Р. Штаммлер, в отличие от названных мыслителей, не критикует Канта с указанных позиций. С другой стороны, он нигде не говорит и о том, что чувства радости или дружбы не являются нравственными (как это утверждал Кант). По всей видимости, это обусловлено тем, что Штаммлер, целиком сосредоточившись на праве, не имел целью развивать какое-либо этическое учение. И всё же сведение Кантом нравственности к оценке мотивов Штаммлер безусловно поддерживал. В противном случае для права не осталось бы собственной сферы применения (внешние действия и поступки).
Проблема, однако, заключается в том, что правовой идеал уже во многом был дан самим Кантом, и им выступил все тот же категорический императив, который Кантом применялся для оценки внешних поступков. Утверждая свой правовой идеал, Штаммлер, как представляется, должен был яснее противопоставить его кантовскому категорическому императиву, однако не сделал этого. По нашему мнению, отличие «общества свободно хотящих людей» от категорического императива состоит в том, что штаммлеровский идеал касается именно общества, то есть социального воления (закона или иного нормативно-правового акта, обращенного вовне, а не индивидуальной нормы поведения, устанавливаемой человеком для самого себя).

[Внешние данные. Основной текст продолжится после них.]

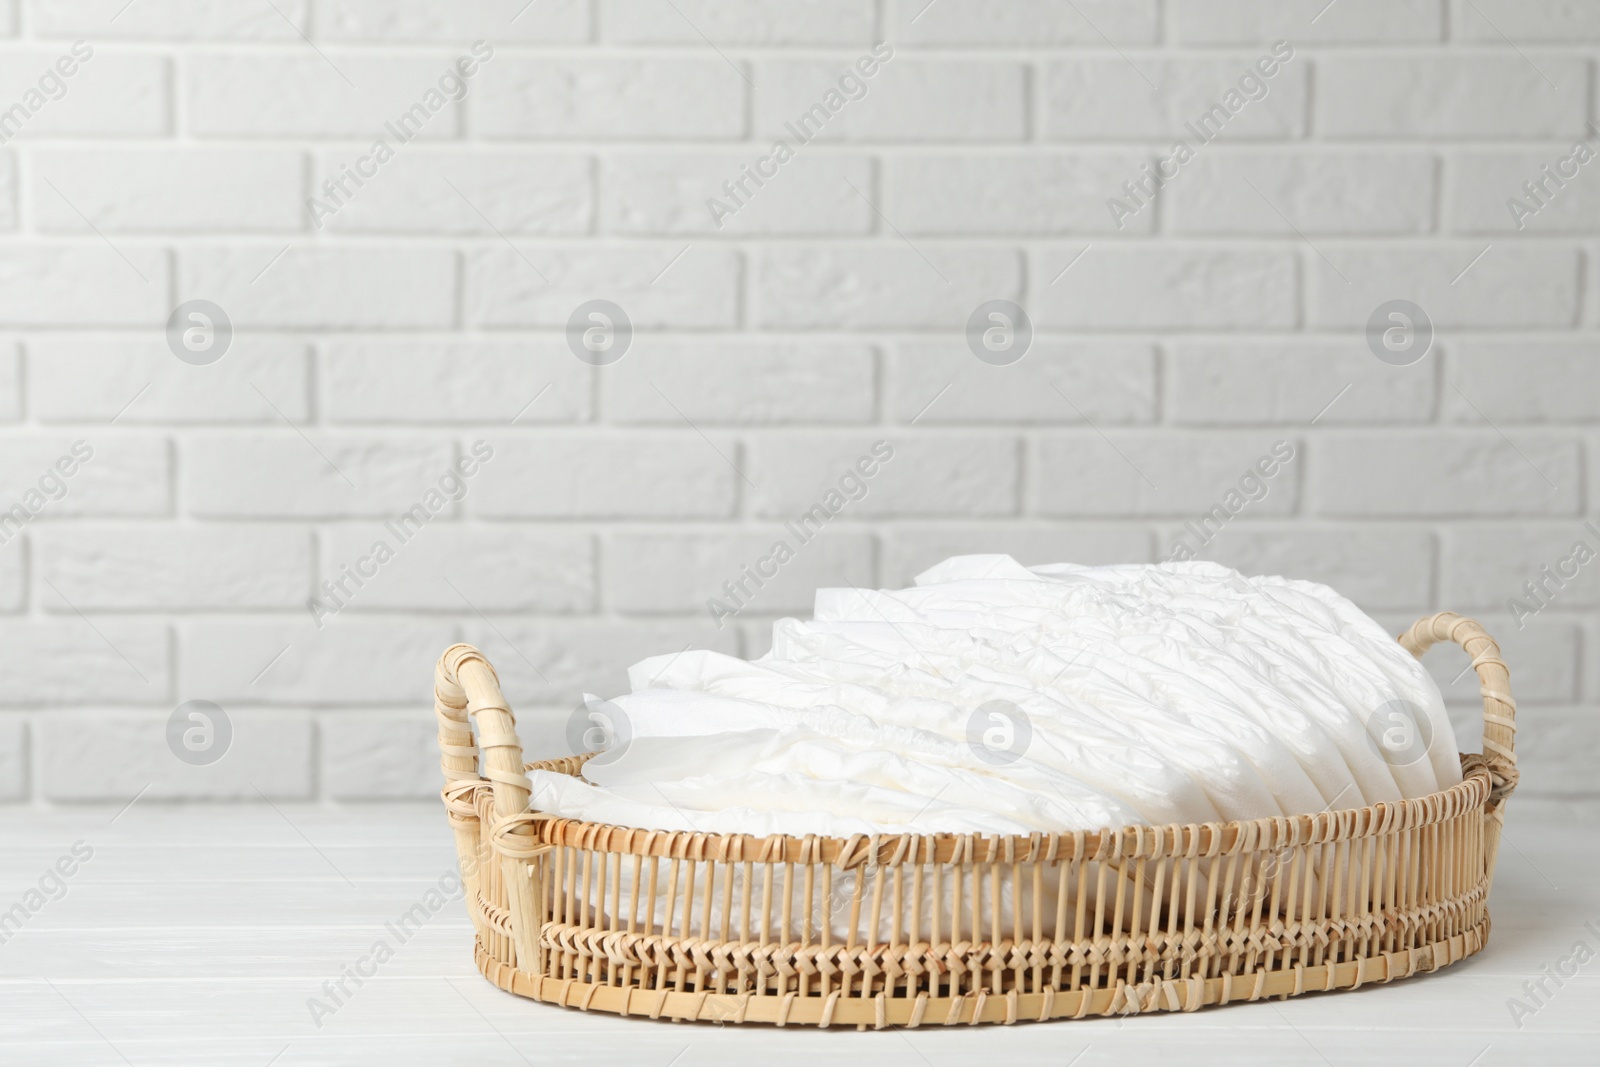 Photo of Tray with baby diapers on wooden table against white brick wall. Space for text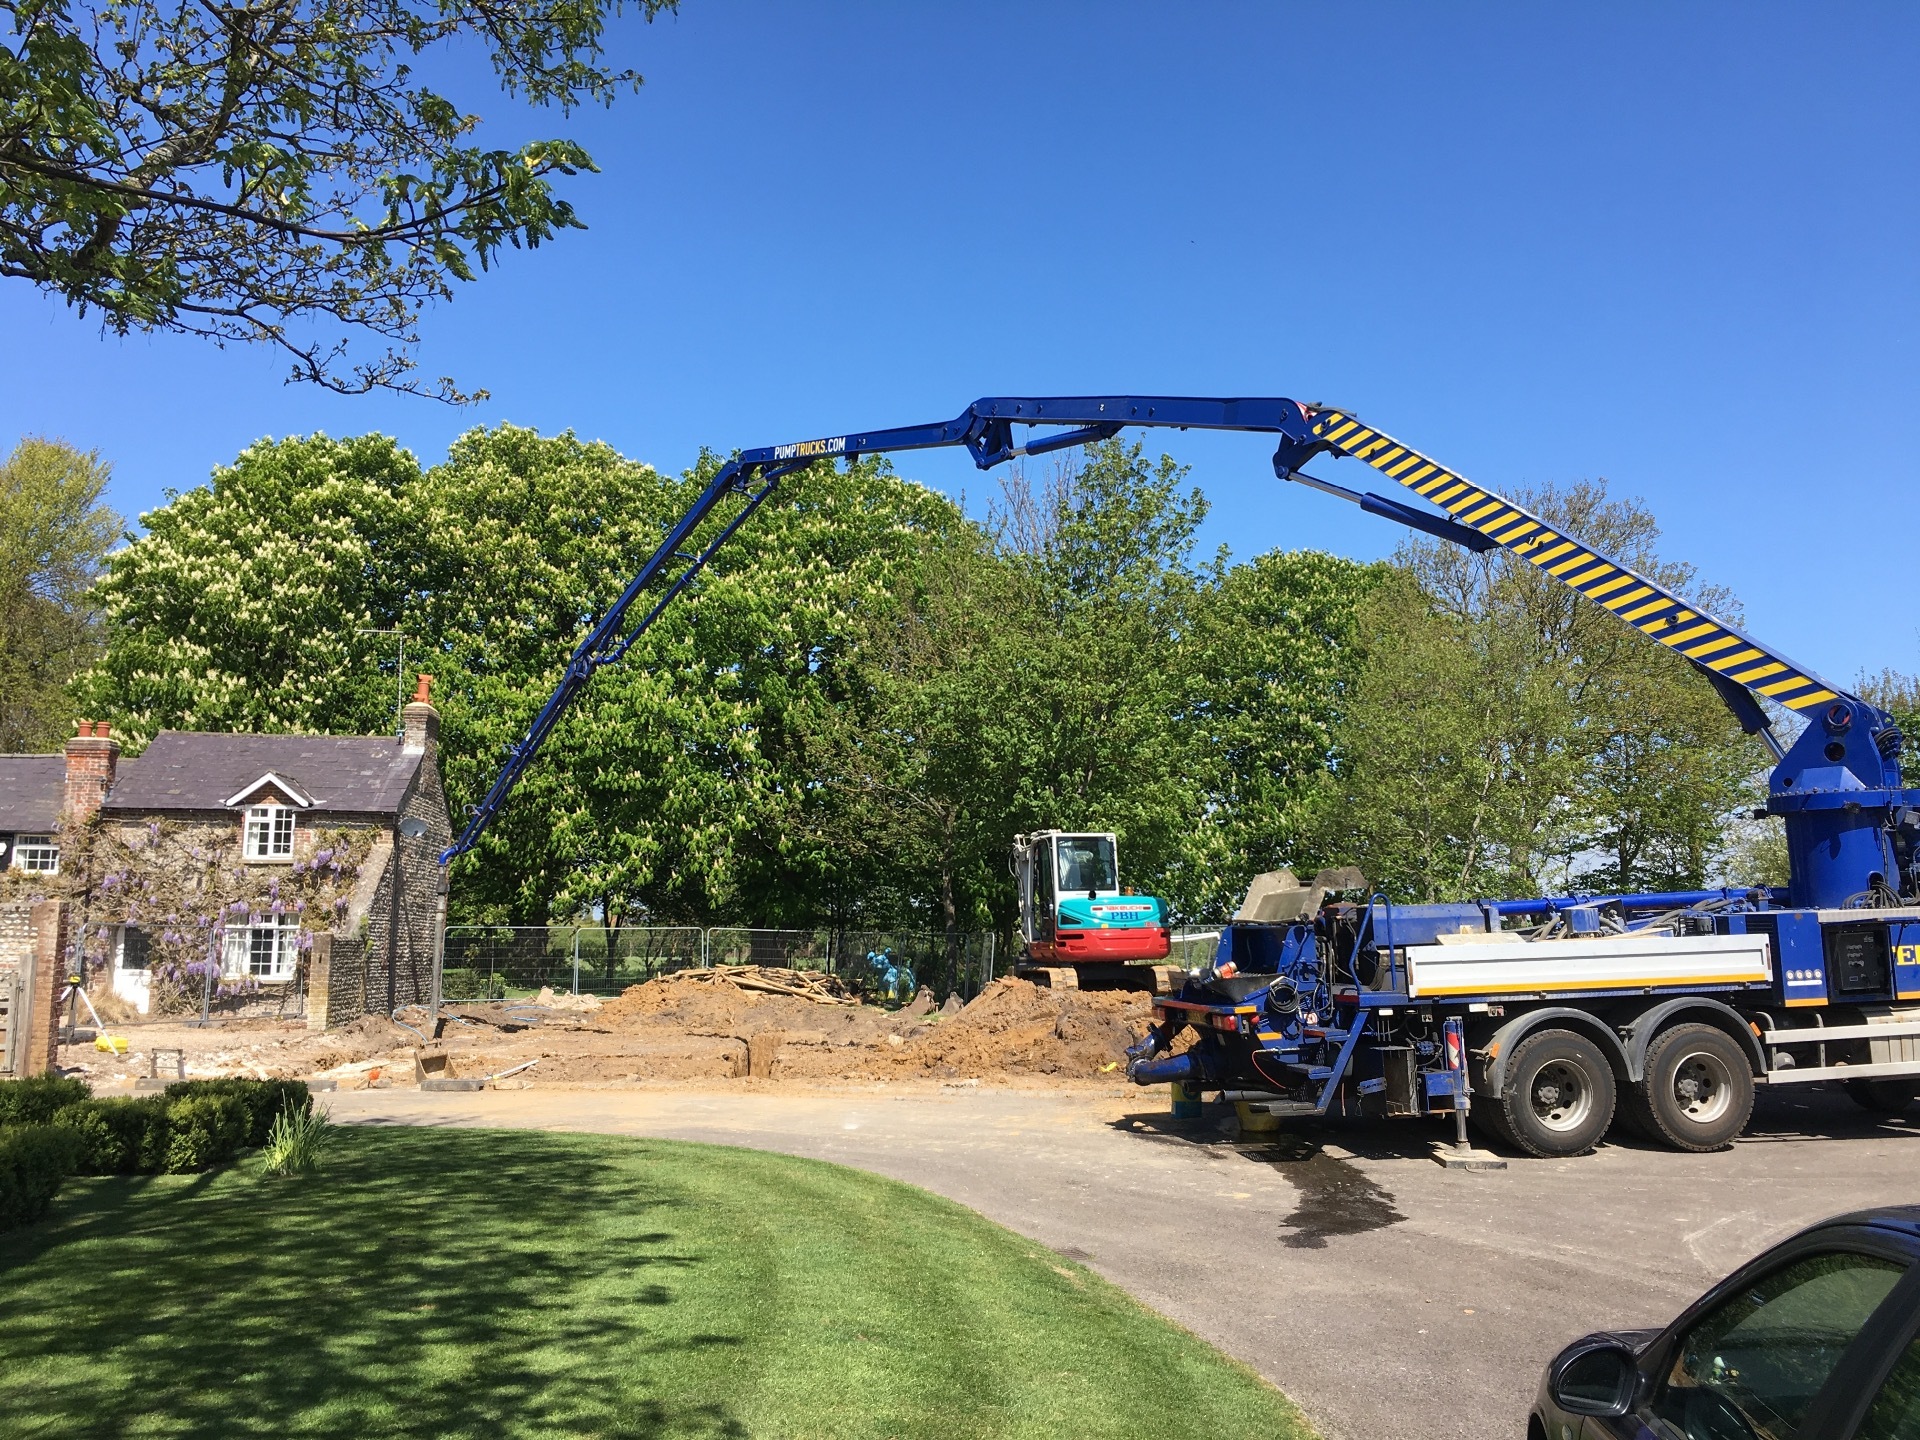 One of K Crumley Construction's mini excavators being unloaded for an equestrian project in West Sussex.

Более того, Штаммлер сформулировал общую для права и морали закономерность («иметь благое намерение осуществлять правильное право»), которая, по сути, заменяла категорический императив (следуя кантовской логике до конца, правильным мотивом поступков должно было признаваться желание соблюдать правильное право), но не была должным образом коррелированна с ним.
Таким образом, как было отмечено выше, позиция Петражицкого и Кистяковского, согласно которой правовым идеалом Штаммлера является любовь, в целом неверна, однако Штаммлер сам дал повод для такого неверного истолкования своих трудов.
Из всей критики Л.И. Петражицким идеи «общества свободно хотящих людей» нам представляется наиболее значимым тезис, которому сам Петражицкий, к сожалению, намеренно не придал большого значения. Излагая мысль Р. Штаммлера о том, что в «обществе свободно хотящих людей» каждый считает своими объективные цели другого, он пишет: «Ближний А должен в свои цели возводить цели ближнего Б, а ближний Б - цели ближнего А. Получается своеобразное chassez-croisez целей, заключающее в себе и психологические, и логические невозможности с добавлением еще логического круга» [6. С. 36]. Действительно, в формулировке Штаммлера отсутствует выход на практику, вследствие чего она сохраняет те недостатки, в которых упрекали и формулировку категорического императива Канта. П.И. Новгородцев, критикуя в этом отношении Канта, положительно отмечал попытку Штаммлера перейти в вопросе социального идеала к практике. Этот переход заключается у Штаммлера в рассмотрении (внешних) действий, а не (внутренних) желаний. В то же время приходится констатировать, что Штаммлер просто перенес методологию Канта в область права, нисколько ее не совершенствуя. «Общество свободно хотящих людей», как и категорический императив, предполагает уже многих людей - общество (то есть форма предполагает существование содержания), то есть не полностью отстранено от сферы опыта. Однако на этом соприкосновение с опытом и заканчивается. Правильное (объективное) воление исключает какое-либо конкретное содержание, так как последнее означает привнесение эмпирических условий, влекущих за собой субъективность.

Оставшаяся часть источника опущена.